Growing up
I continue to beg God for grace and to help me set aside this stupid pride that makes it so difficult to not rebel. I am not even sure what I am supposed to be NOT rebelling against half the time, but it makes it really hard to just sit with God when I know He isn't telling me to go away or just go have babies or whatever the drama of the moment is. Even as I realize in the depths of my heart that I am a woman, (yes, I understand it needn't take that much time to figure it out, but somehow I thought there was a loop hole or that maybe the "priesthood of all believers" really was ALL believers, not just those with certain anatomy) God has not let His pull on my heart or my spirit lessen. Somehow I started feeling just a little normal (not abnormal anyway about this hold He has on me) but then it hits me again, in waves like nausea. I find my prayer has been a little impatient lately-"Dude, what do you want me to do?" I would do anything, except the thing I would most like to do-set aside this pride-I cannot do. UGH!
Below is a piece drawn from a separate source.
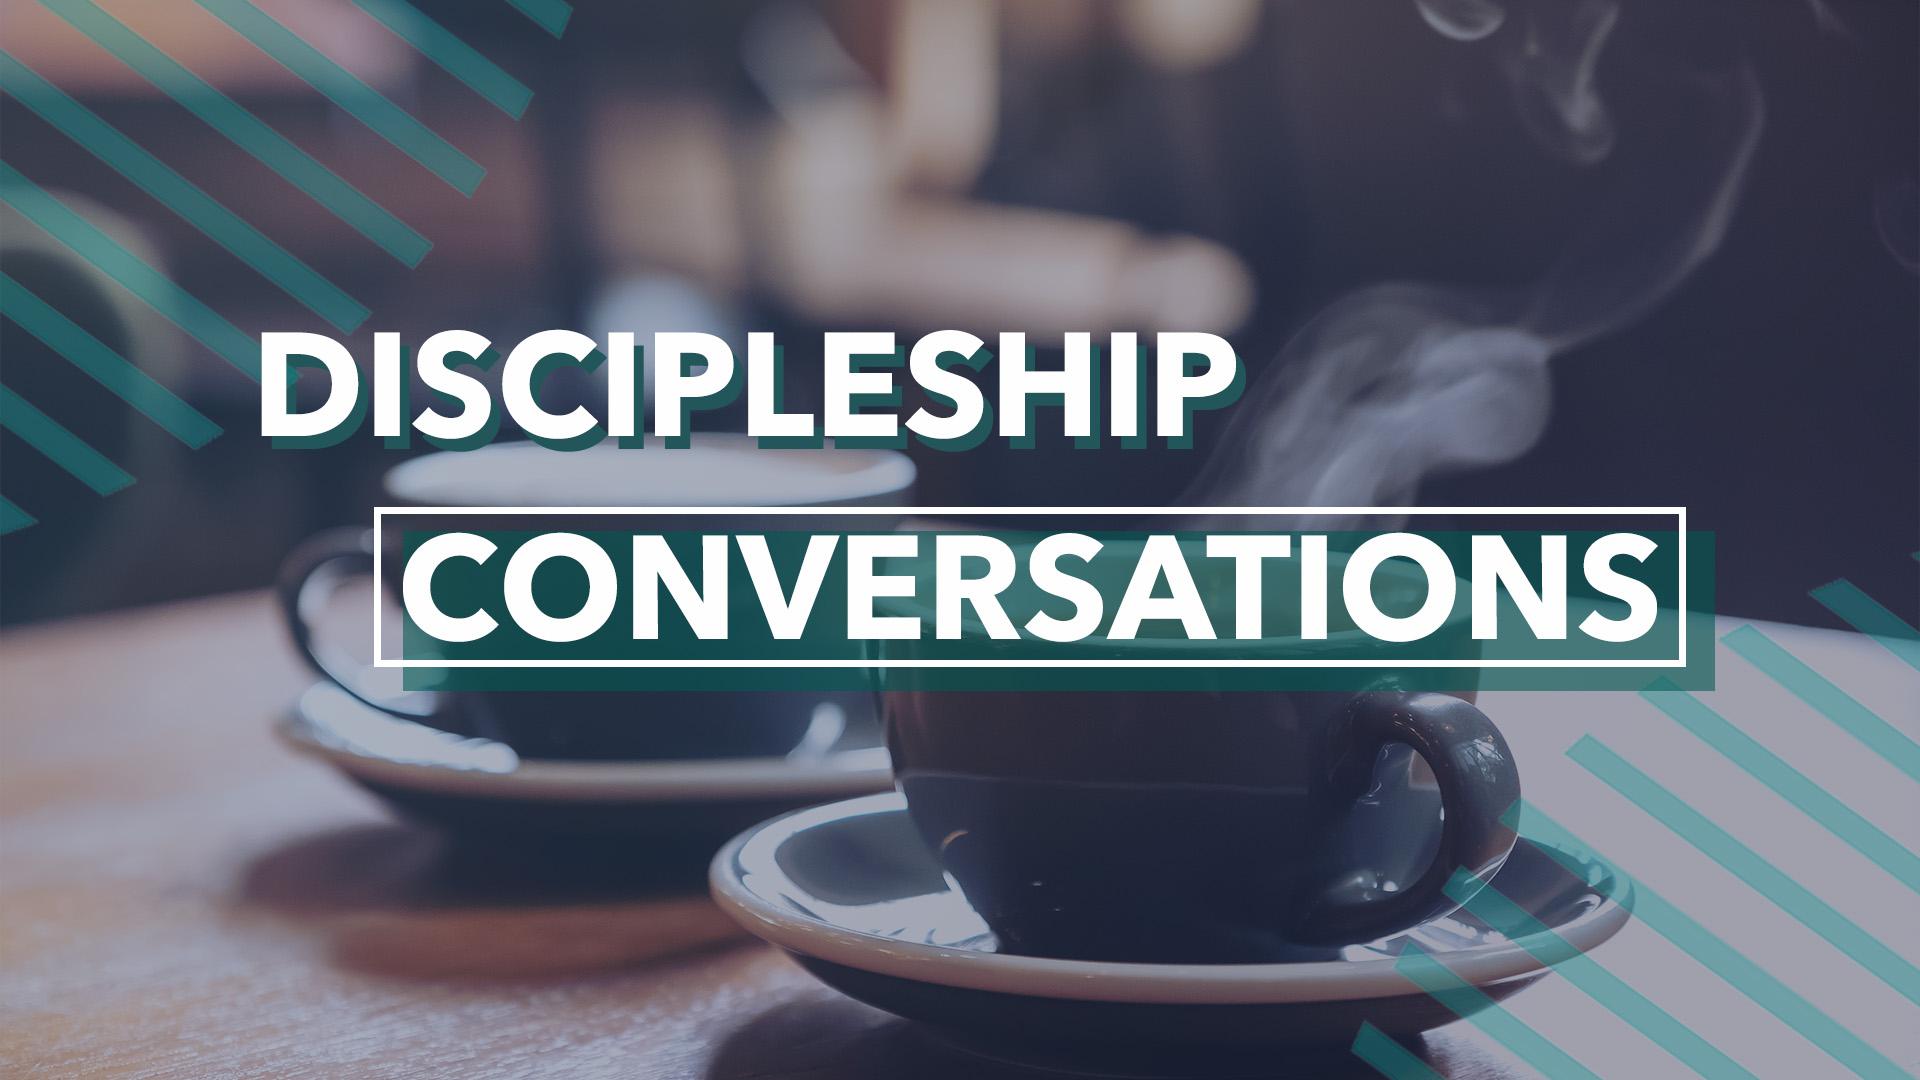 discipleship conversations.jpg
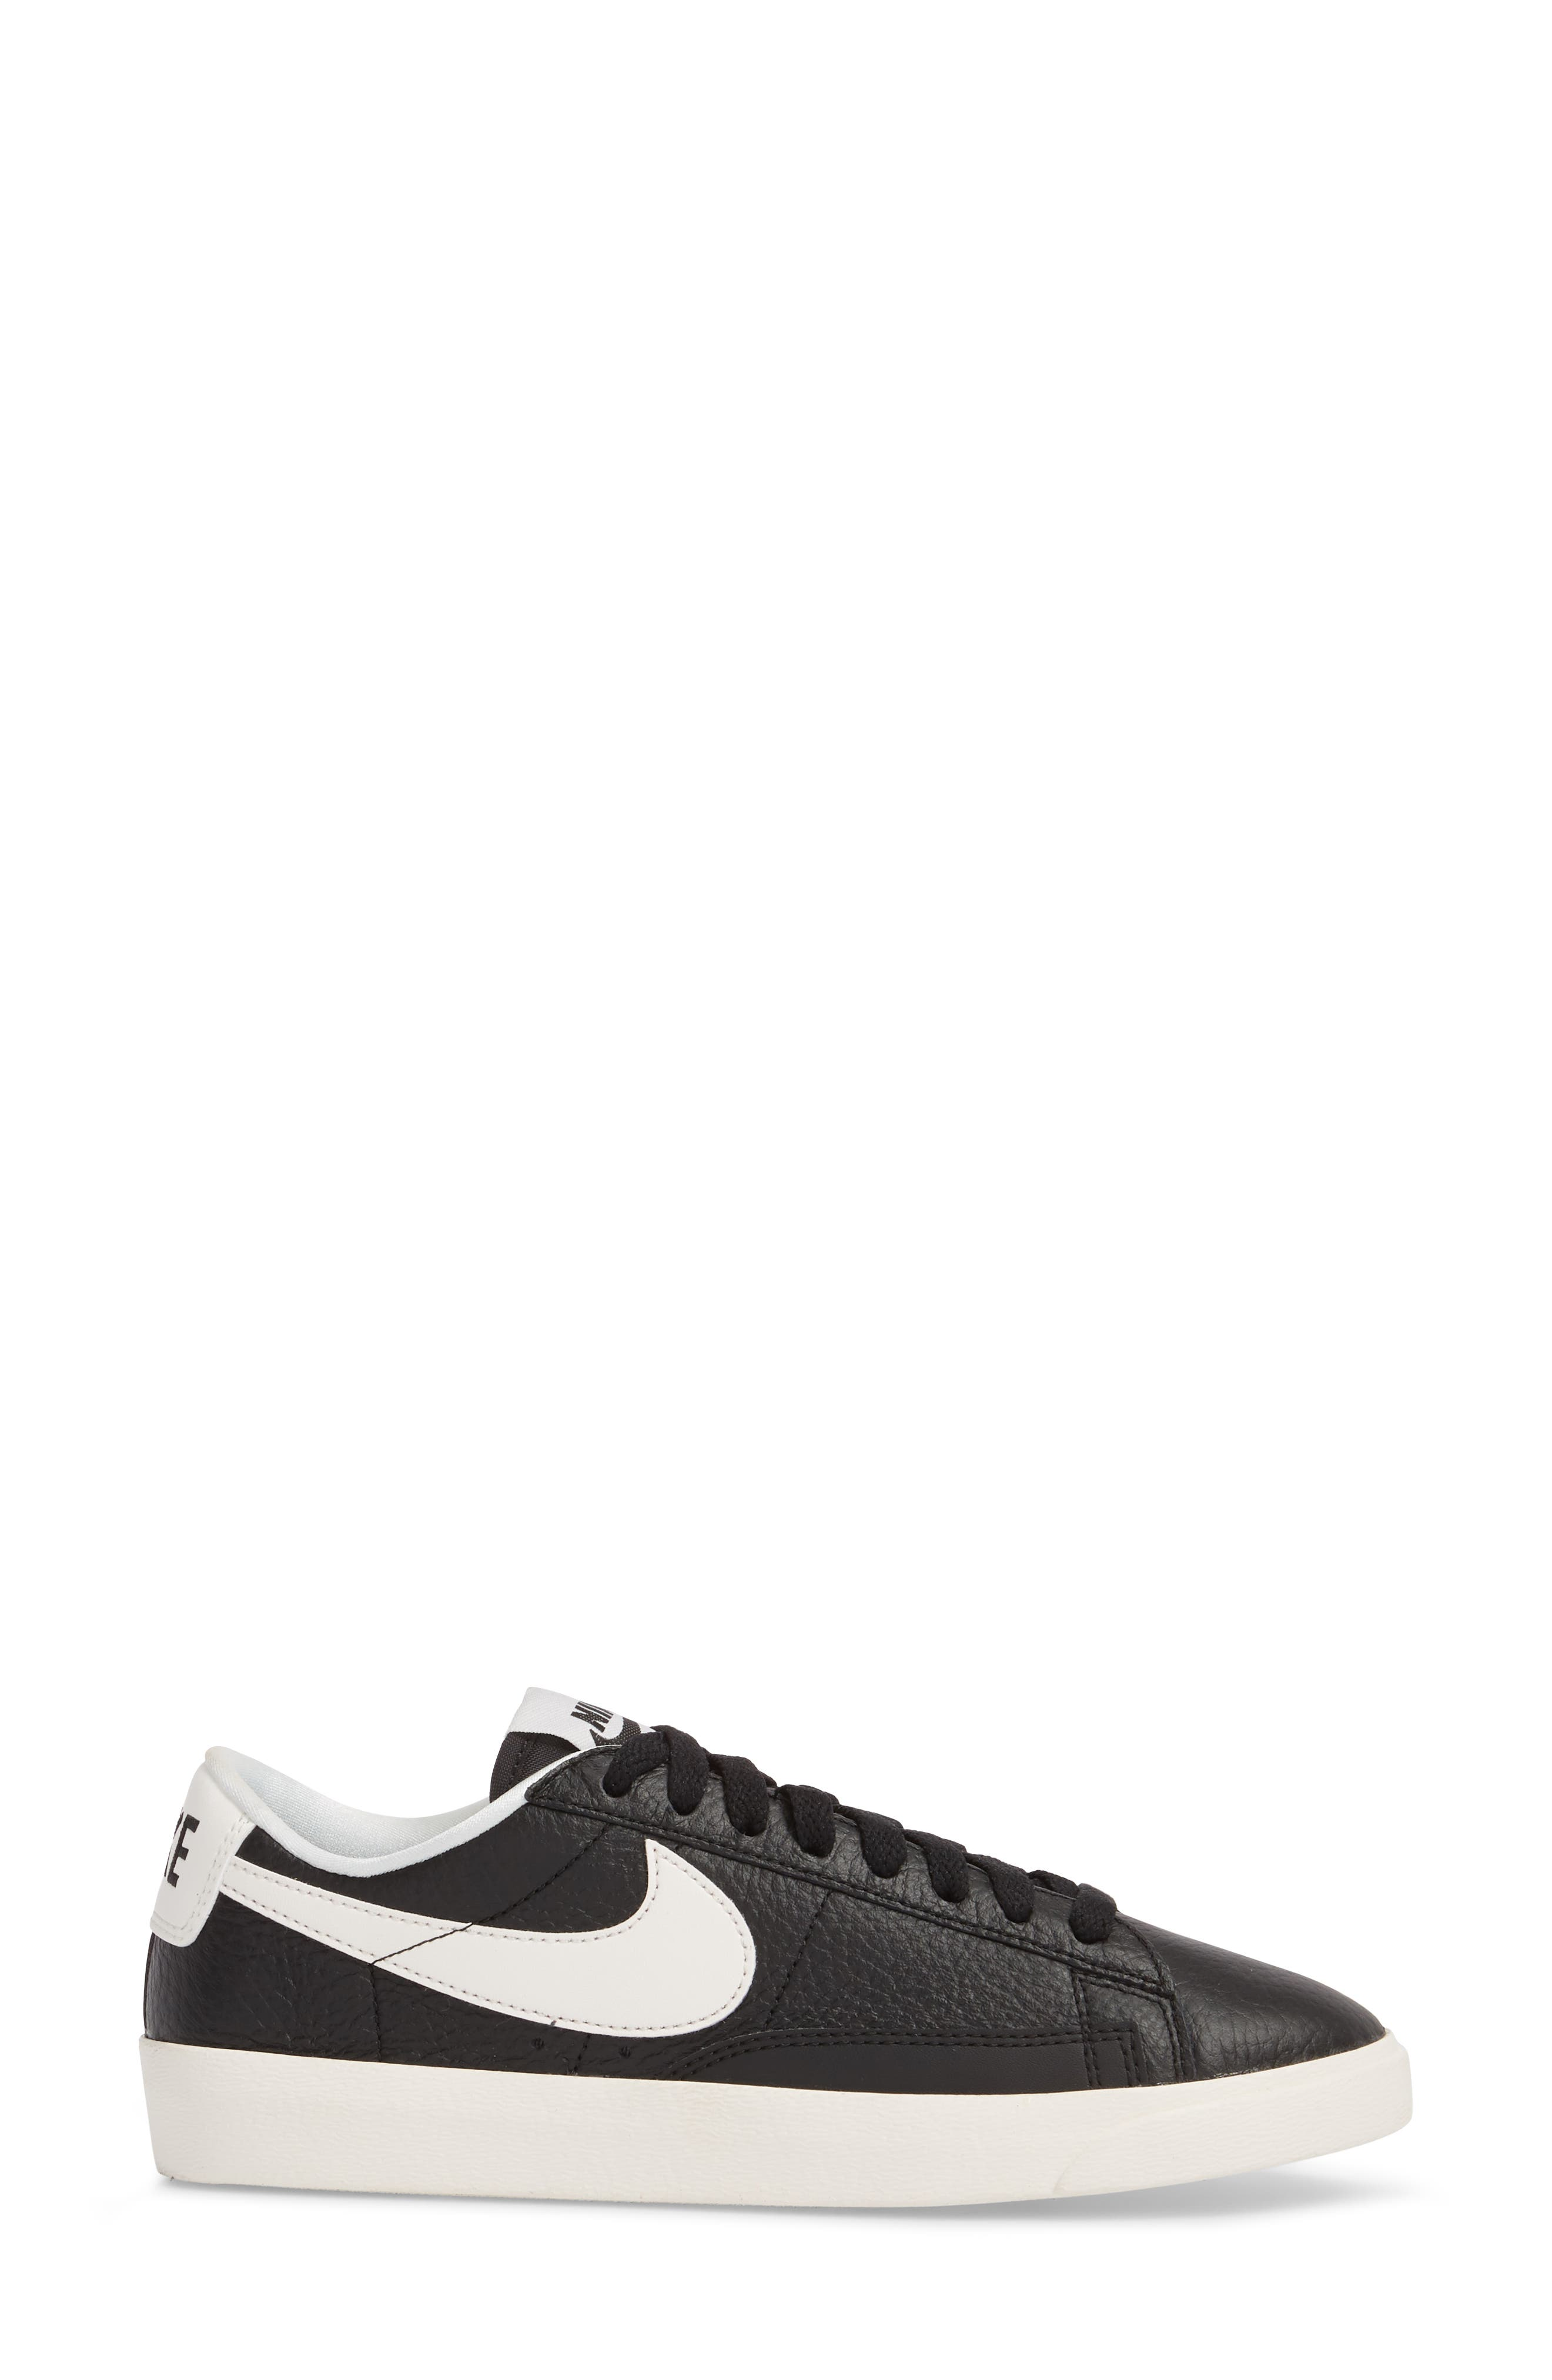 Blazer Premium Low Sneaker,                             Alternate thumbnail 3, color,                             BLACK/ WHITE/ BLACK

Yes, I am a woman. I love God. He wants me to participate with Him. He wants me to lead others to Him, to love them, to help them. I am not just supposed to have babies and quietly wait for some man to get something going, to take over. My husband knows this. He loves and encourages me for who he knows me to be. Many around me know this also and accept it. Why is it so hard for me?
Father, I am not sure what you want for me, but I sincerely want Your will to be done, not mine. Help me trust you.